# Ww2 Hoffmann moped project



## redline1968 (Nov 7, 2018)

Had this project for a while.. it’s been a slow but interesting one.. first a bit of history on this one.. I bought from the fathers son who brought it back from the war as war booty.. he said his father found it in Germany during the war. I found a photo a the type of bike the nazis were using and the headlight and bracket is picured only. But this helps point it in this direction... well  Years gone by and the father thought he’d run kerosene in it to clean it out. it burnt the bearings  So it sat in the barn for at least 50 yrs. after he passed, the son brought it over to Oregon from the east coast and here it sat.. i saw it asked and the deal was made.
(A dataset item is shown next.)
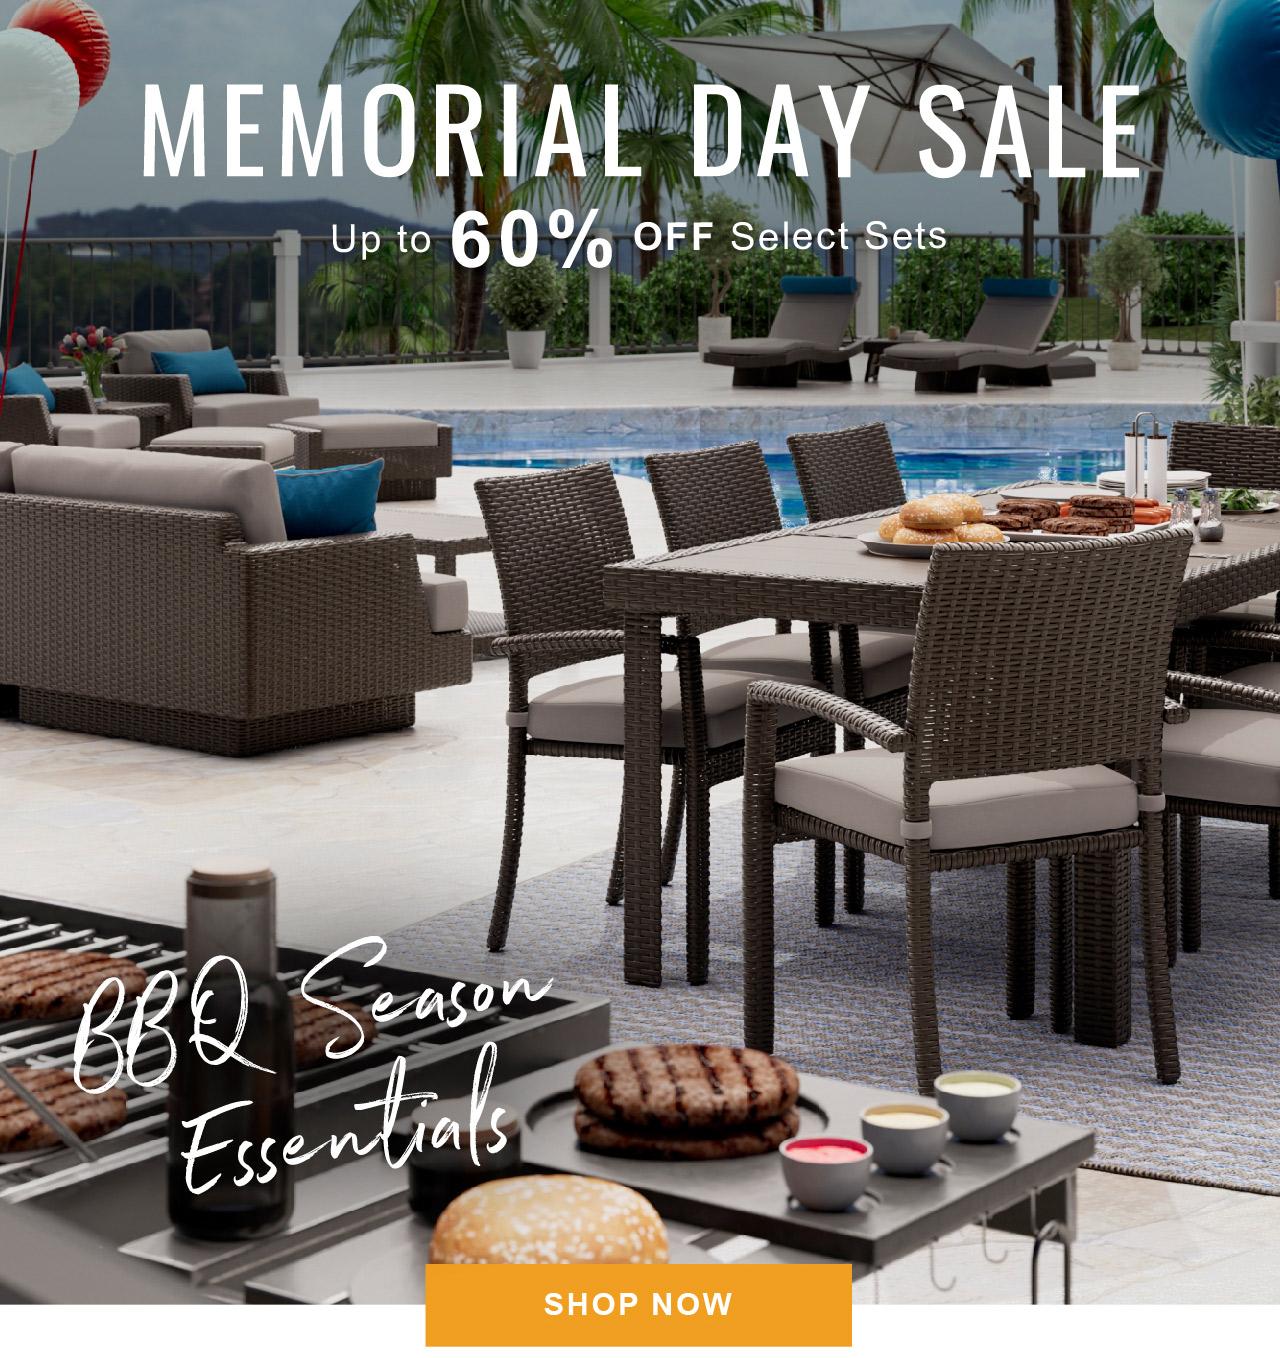 Memorial Day Sale! Save up to 60% off select sets, now through May 28 - Shop Now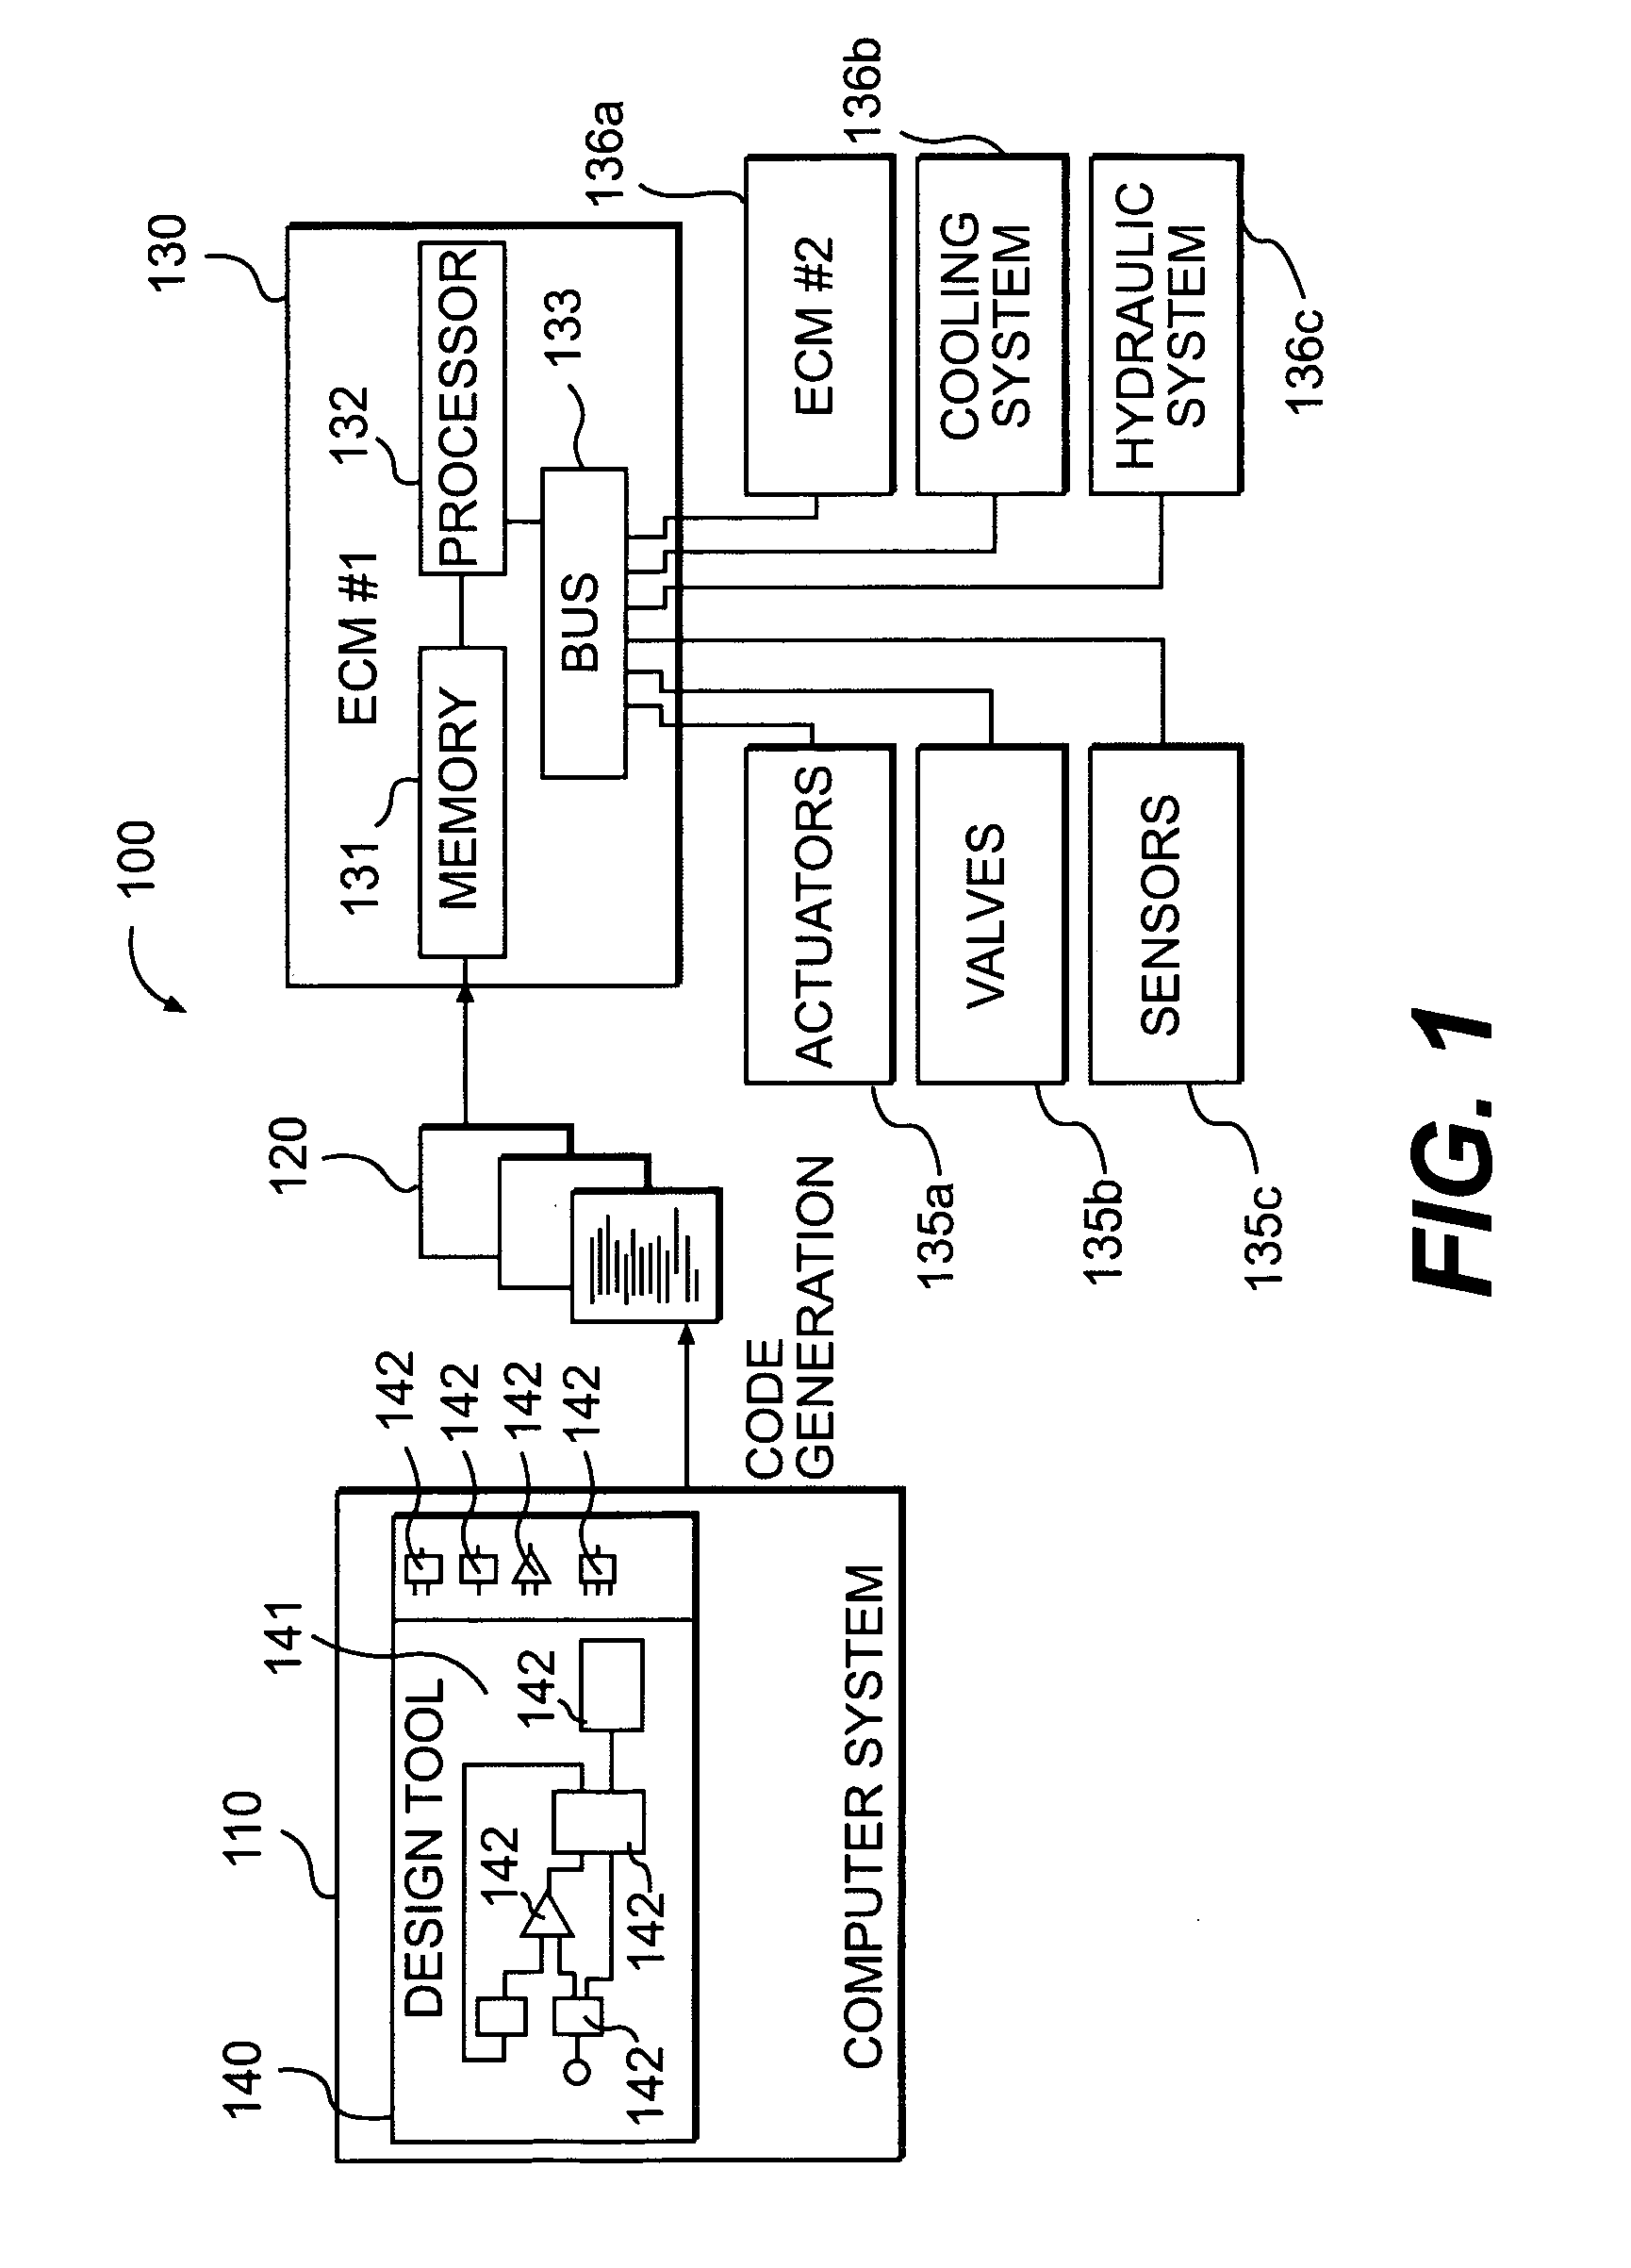 Data elements with selectable signal/parameter behavior control

The only pics I have is the nsu  model.   It’s a Hoffmann  jlo 98cc 2speed. It has a front drum break and rear break hub. Pedal back to stop on it like a bicycle.. there’s a blackout switch on it too ...I finally got around to rebuilt the engine and that’s it for now.. the Magnito is so old  it will disintegrate in the first second of start up...so I’m searching around to find a substitute which as been a extreme pain. I think I’m going to have it remade....the next problem is the gas tank...I don’t really want to restore the bike but the tank is a problem. It’s rotted inside and this is where I’m debating on what to do.  Restore or not., I have everything for the bike including the tire pump and tools it’s 99 percent complete I need the front license plate I have the rear one though....it’s got to be the coolest motorbike moped ever in my opinion...here are a few pics


----------



## whizzerbug (Nov 10, 2018)

my friend Kerry had Hoffman in 1957  I think it was a 1954 model, 2 stroke, I never forgot the sound ring ding ding I would run circles around our whizzers... I think they were copys of the german DKW just like the Harley hummers were..nice project not many around


----------



## redline1968 (Nov 10, 2018)

Thank you can’t wait to finish it... they are rare I’ve reasearched the history on them. Not much before 50’s but I did trace it into the 30’s.. most of the information was destroyed on them however  I dated this one by the engine numbers.. I think figured out why no info.  They were using concentration camp people to work in their factories during the war... this still has to be finally proven but the finger points to it clearly.. a very sad part of history.


----------



## Boris (Dec 28, 2018)

Seems odd, given that the Germans were such ardent (ahem) record keepers during the war.


----------



## redline1968 (Dec 29, 2018)

Yea.. this seems strange .. from what I can figure out some of them used the Jews for slaves or didn’t want to be associated with the nazi regime  so they destroyed all the records of it.  Others were totally wrong obliterated during the war.  The dates didn’t jive on this one.. info says 1950’s but the engine serial number and bike construction says 1939 ish.. a sad time in our history.. I have to say this bike bears some resemblence to the Vincent black shadow. It’s profile has so much design and great comfort for the rider. I really like this and want to finish it up if I find the magnito.   


Boris said:


> Seems odd, given that the Germans were such ardent (ahem) record keepers during the war.


----------